# Pigment vs. Sublimation



## johnsimon123 (Sep 5, 2013)

hey,

so i want to sublimate onto tshirts but im not sure if i should use sublimation or pigment printing. 

Cost wise it seems to make more sense to do pigment because i think that that is much cheaper than sublimation right? 

Honestly im not very familiar with what pigment printing is exactly, i know about sublimation, but not pigment. 

If someone could tell me more about and the pros and cons, that would be great! 

Will the result and quality of the fabric print be the same on both? 

in pigment, does the ink become a part of the fabric and will never fade away or is it like screen printing and after washing many times will fade. 

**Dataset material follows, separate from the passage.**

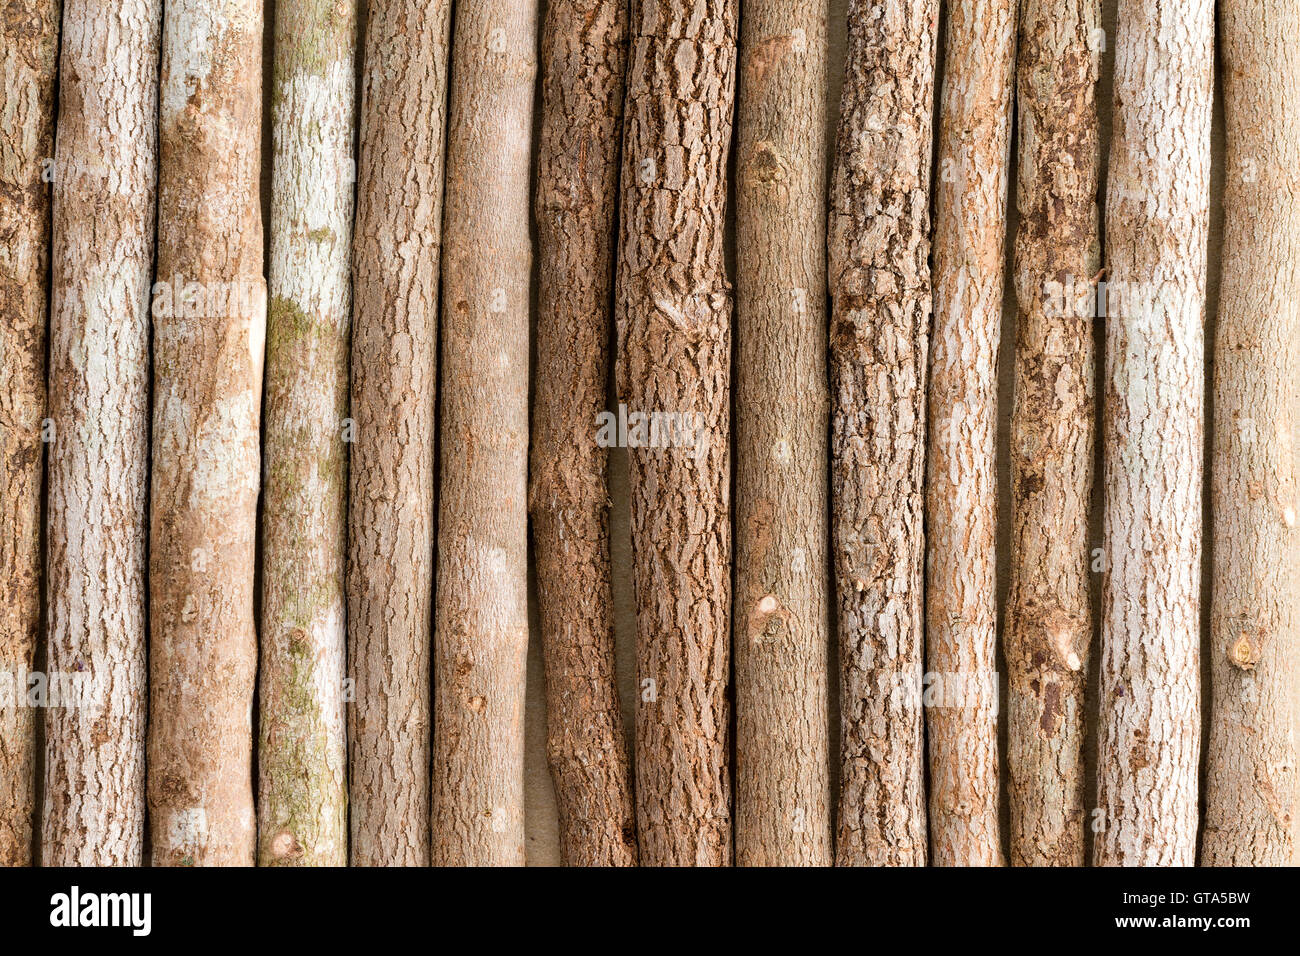 La texture de fond d'une rangée de crayons de couleur en bois naturel rustique crayons placés côte à côte dans une vue plein cadre Banque D'Images

And also any recommendations for pigment printers in los angeles. 

Thank you,


----------



## charles95405 (Feb 1, 2007)

there is a very long thread here that discusses this...If I find the link I will post it. Basically pigment ink is for inkjet transfers and DOES NOT bond with the fabric as sublimation does. It creates a transfer using the proper paper and heat press on the garment for a specific time/temp. The resulting image may or may not last longer than a screen print...just depends on the type transfer BUT it will never equal sublimation in terms of lasting or color...It will start to fade after just a few washings. 
Edit....you will see the term pigment dye ink...and dye sublimation ink...two entirely different type of ink...pigment ink is cheaper...but then so is the resultant image. It will work for some...but I prefer to use sublimation and DTG


----------



## mgparrish (Jul 9, 2005)

johnsimon123 said:


> hey,
> 
> so i want to sublimate onto tshirts but im not sure if i should use sublimation or pigment printing.
> 
> ...


I marked up in your questions above.


----------



## sais (Sep 2, 2013)

this is very educational...


----------